That’s where I found myself in 1979. At that time, following my “charismatic experience,” I was seeking a context or venue where I could practice a more robust Marian piety compared with the piety I was used to. It’s not that this common piety was wrong. It’s just that I asked myself: if Mary if so important, what does she have to teach me other than daily Rosary praying. Again, that’s not wrong either - my Mercie and I now pray the Rosary every day, together. We have received tremendous graces from it. Yet, I wanted to experience Mary as a Mother to me, as my connection to my own earthly mother began waning. I was losing my Mom but gaining another one who had been close to me from the beginning of my life of faith.
It happened that my friend Z was also a militant member of the Schoenstatt Apostolic Movement. Schoenstatt is a Catholic Marian movement founded in Germany in 1914 by Fr Joseph Kentenich. He saw the movement as a renewal means for the Catholic Church. The movement is named after the town of Schönstatt (meaning, "beautiful place") itself part of the town of Vallendar near Koblenz, in Germany. In 1979 Schoenstatt had a single shrine in Puerto Rico, located in Cabo Rojo, where the movement was centered.
I had visited the Shrine previously during the 8th-grade class trip. I found the location beautiful and the Shrine inspiring. However, I didn’t know anything about the Movement until Z explained to me what it was. My friend Z had been a member of the Movement since its beginnings in Puerto Rico in the early 1970’s. We would go there every Thursday and one Sunday a month for several months, in pilgrimage. This was also the time when Fr. Esters began directing me.
It was in Schoenstatt where I found the robust Marian piety I was looking for. What was I looking for? A way to have a personal relationship with the resurrected and ascended Mother of my Lord. And I got it!
It would take me a few more years to profess my Covenant of Love with Our Lady, but in 1979-80, I was hooked. Without a doubt, introducing me to Schoenstatt has been Z’s longest lasting legacy in my own life, for which I’ll be thankful to her for all eternity. Thanks to Z, I was “born again” for Mary, the Holy Theotokos, God-bearer, Mother of God and Mother of every Christian.
I then became a strange specimen indeed: a charismatic Schoenstatter. At the time many found the practice of both spiritualities a difficult endeavor. Charismatic Catholics saw members of Schoenstatt as too “hyper” in their hyperdulia to Our Lady, and therefore, on the verge of idolatry. From their viewpoint, Schoenstatt Catholics looked upon their charismatic brethren as in danger of proximate Pentecostalist heresy, if not outright in it. Both misgivings are founded upon misapprehensions and misperceptions from people who are otherwise members of the same Catholic Church and brethren in the love of Jesus and Mary. The Corinthian temptation toward partisanship and division was, and remains, alive and well in our Church.

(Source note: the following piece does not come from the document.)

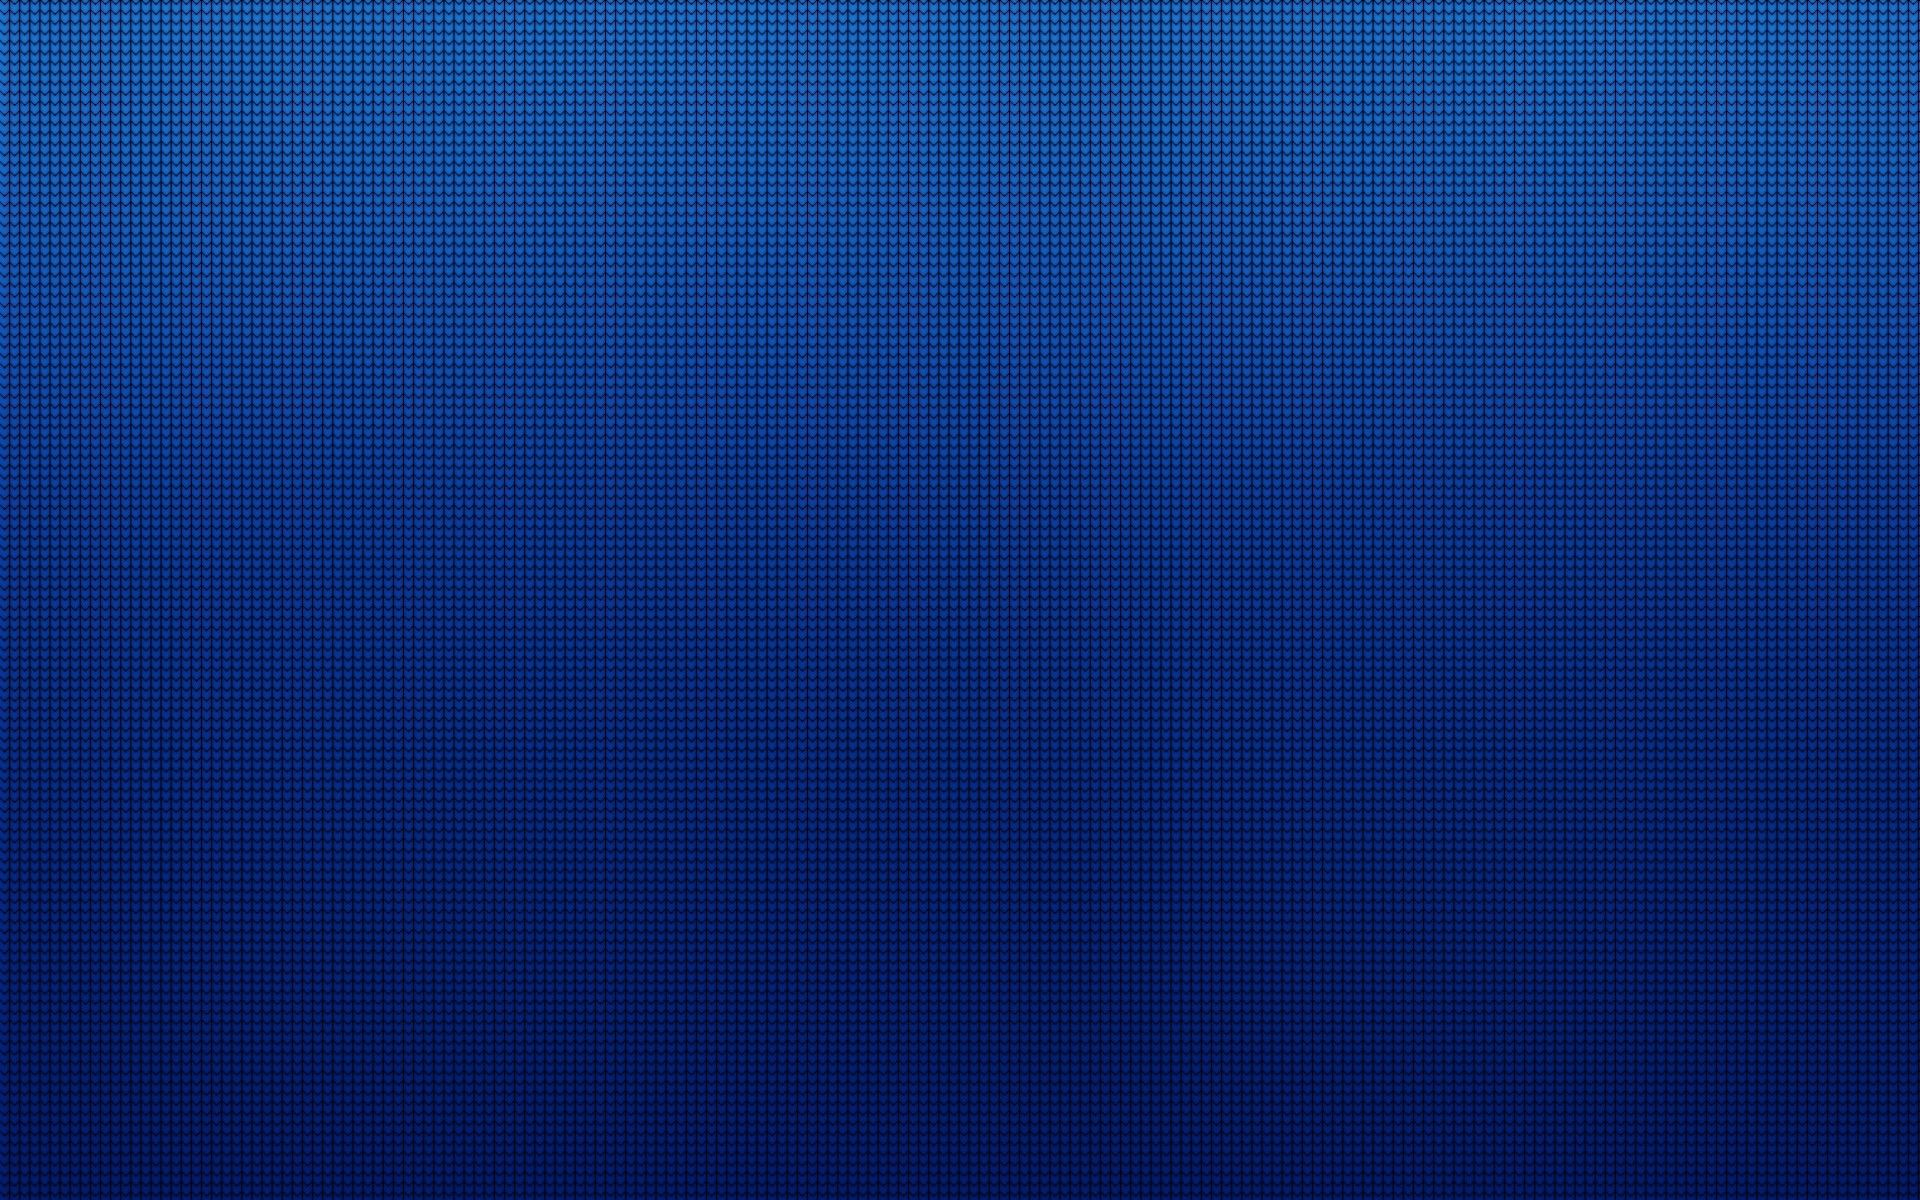 Top Wallpaper High Resolution Blue - Blue-Background-Wallpaper-010  2018_362757.jpg

Things that were for others causes for mistrust and rejection became fused within my heart. This fusion in my heart of my charismatic experience and my love for Our Lady was to be the first of many such fusions. Later I would get to fuse my inclinations for military service and Franciscan peace and my love for the Christian East and Latin West. But for that moment, my charismatic and Schoenstatt Marian spiritualities completed my adult faith foundations. My spiritual connection to these “power lines” strengthened me for the road ahead, as we will see.